動作させる少なくとも1つの打抜き工具51を選択する工程であって、供給圧力PAを有する油を送出するように構成されている、可逆型の第1ポンプ3と、選択された打抜き工具51に作用する油圧シリンダ2と、の間に介在するそれぞれの切替え弁4を作動させて開くことによって選択する工程。
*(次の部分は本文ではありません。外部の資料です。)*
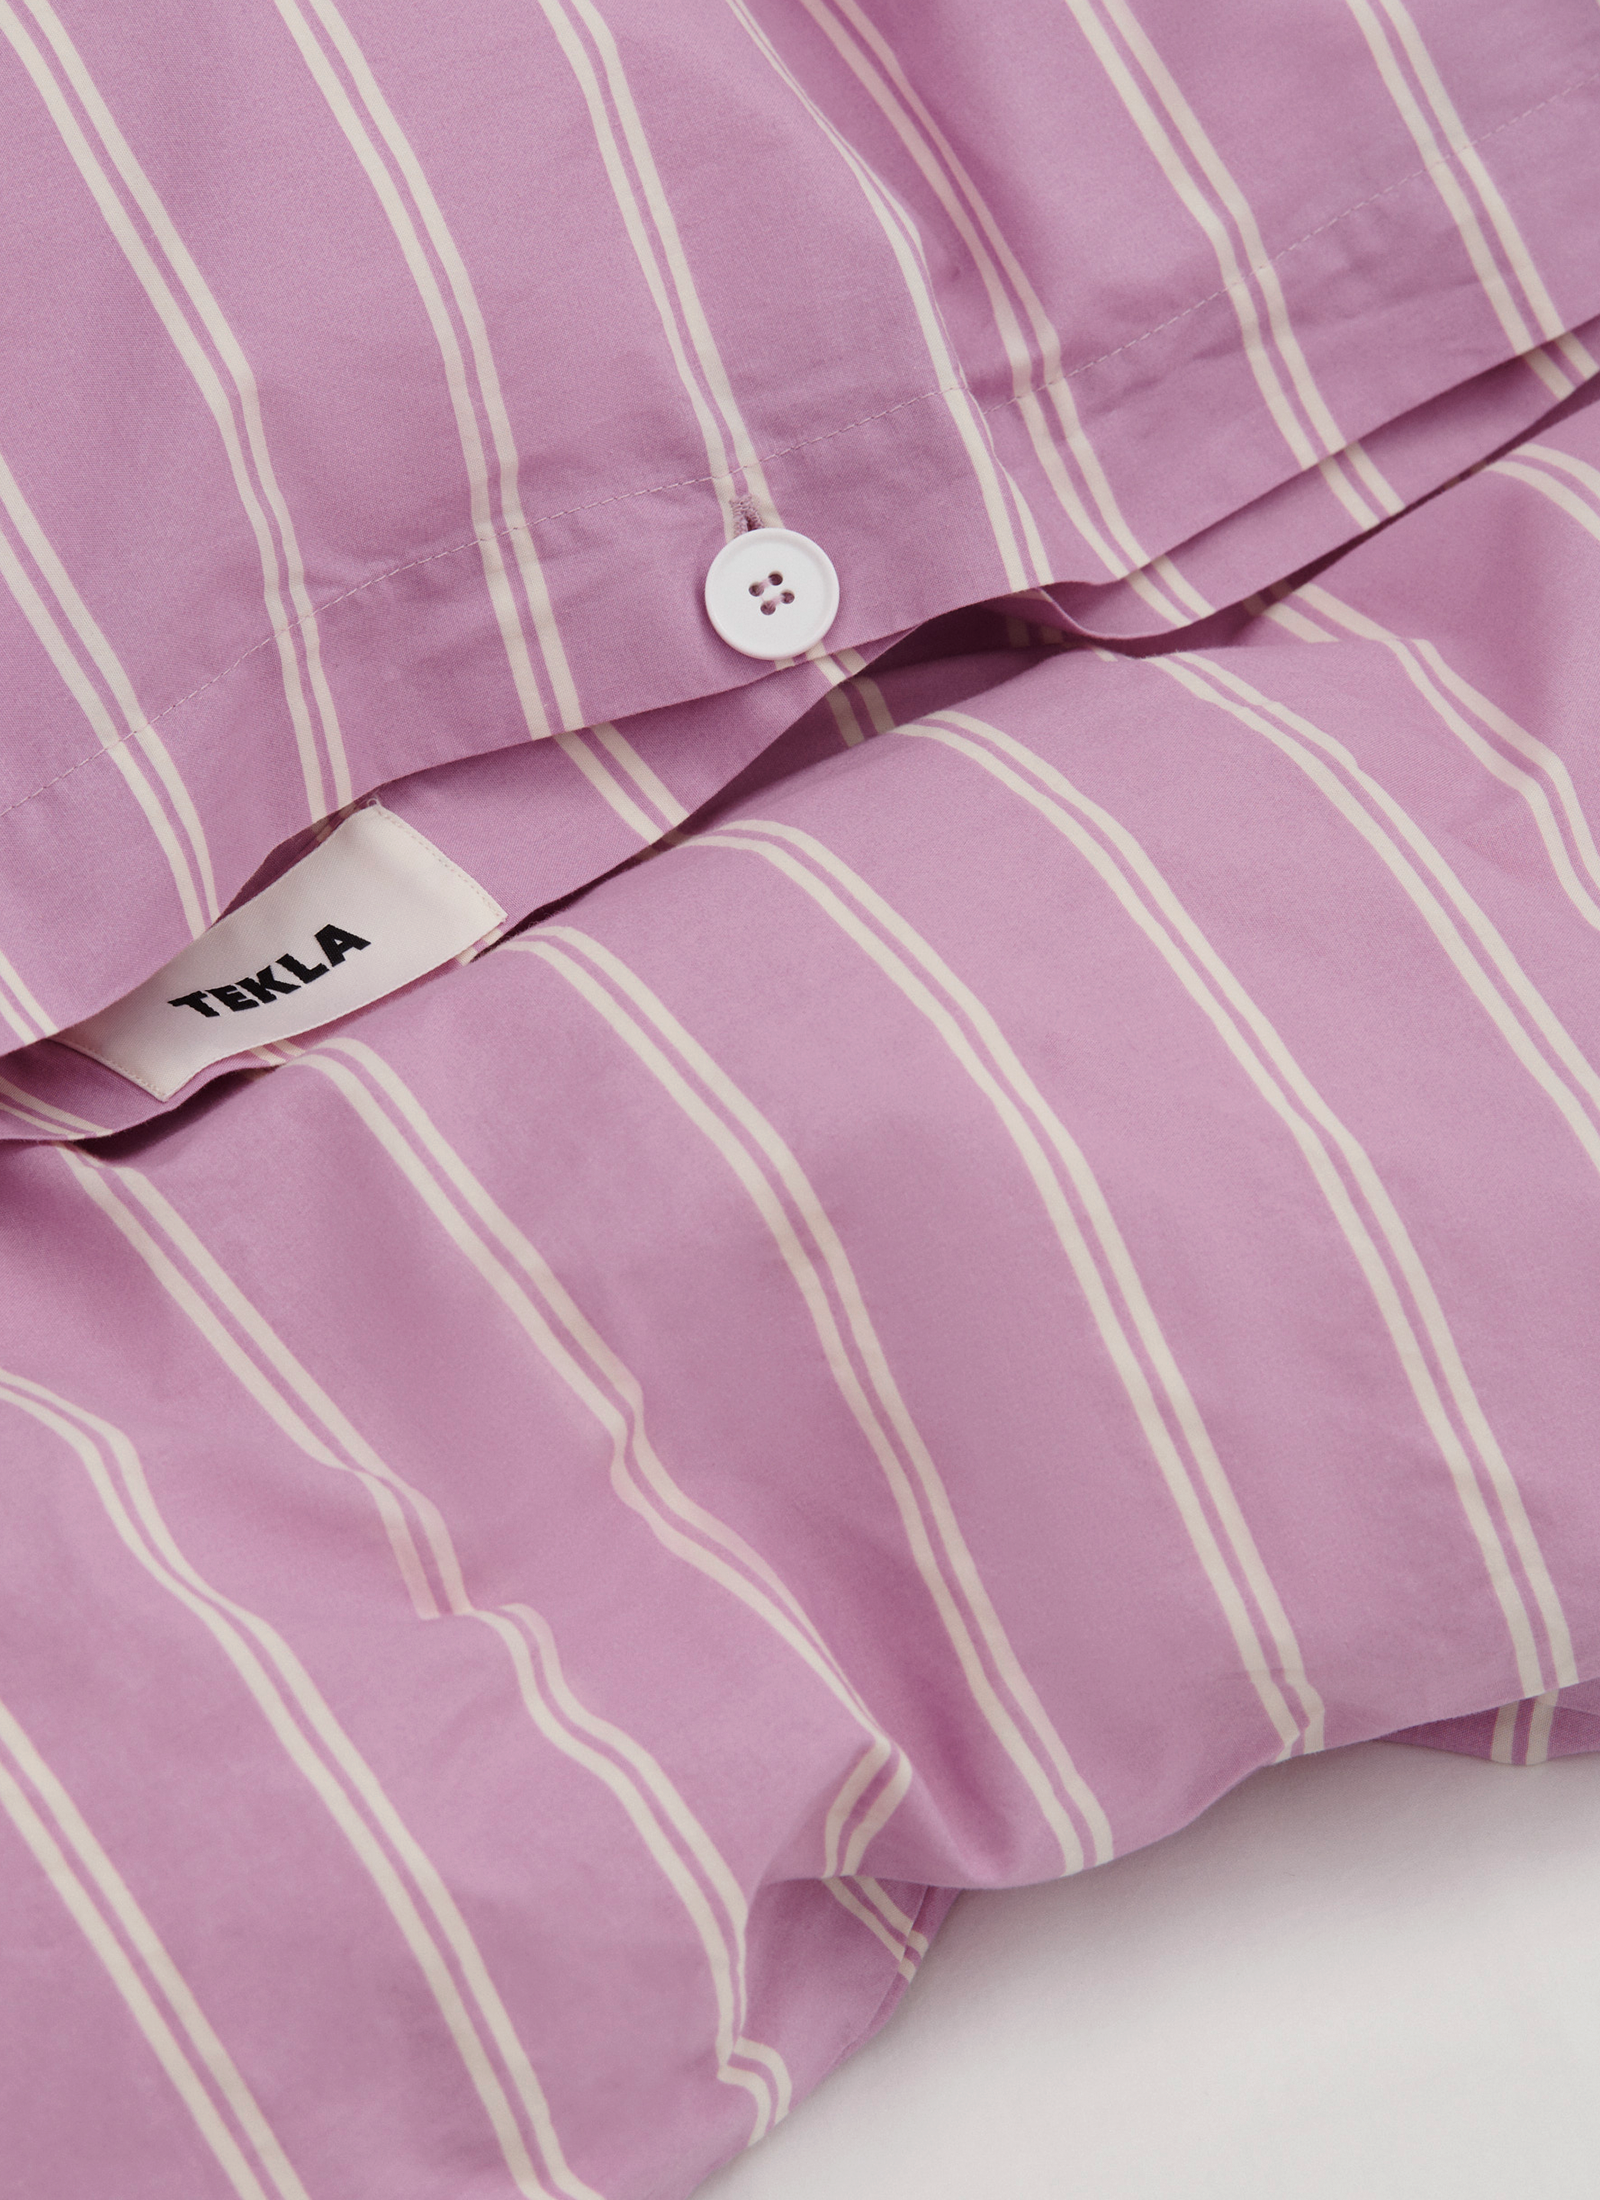 Duvet Cover in Mallow Pink Stripes

油圧シリンダ2の推力チャンバ22内に加圧された油を送るために、第1ポンプ3を第1回転方向に駆動して、前記油圧シリンダ2のピストン21を作業方向に沿って押し、前記ピストン21に関連付けられた、選択された打抜き工具51が、工作物100に対して機械加工を実行することを可能にする工程。
前記機械加工が実行されると、推力チャンバ22から油を吸引するために、第1ポンプ3を逆の第2回転方向に駆動して、油圧アキュムレータ5によって油圧シリンダ2の戻りチャンバ23に送られる加圧された油によってピストン21を戻り方向に沿って押し、打抜き工具51を工作物100から引き離し、遠ざけることを可能にする工程。
【0045】
前記方法は、第1ポンプ3の前記駆動の間、第1作業圧力P1に達するまで油圧シリンダ2の推力チャンバ22に油を送るために、特に第1ポンプ3に結合、接続された第2ポンプ7を第1回転方向にさらに駆動する工程であって、第1作業圧力P1を超えると、第1差動弁8を作動させることによって、第2可逆ポンプ7は再循環に組み込まれ、油の送り先となる油溜め15に接続される工程をさらに含む。前記方法は、第1可逆ポンプ3の前記駆動の間、推力チャンバ22の油の圧力が第2作業圧力P2を超えると、第2差動弁9を作動させることによって、油圧シリンダ2の戻りチャンバ23を油溜め15に接続する工程をさらに含む。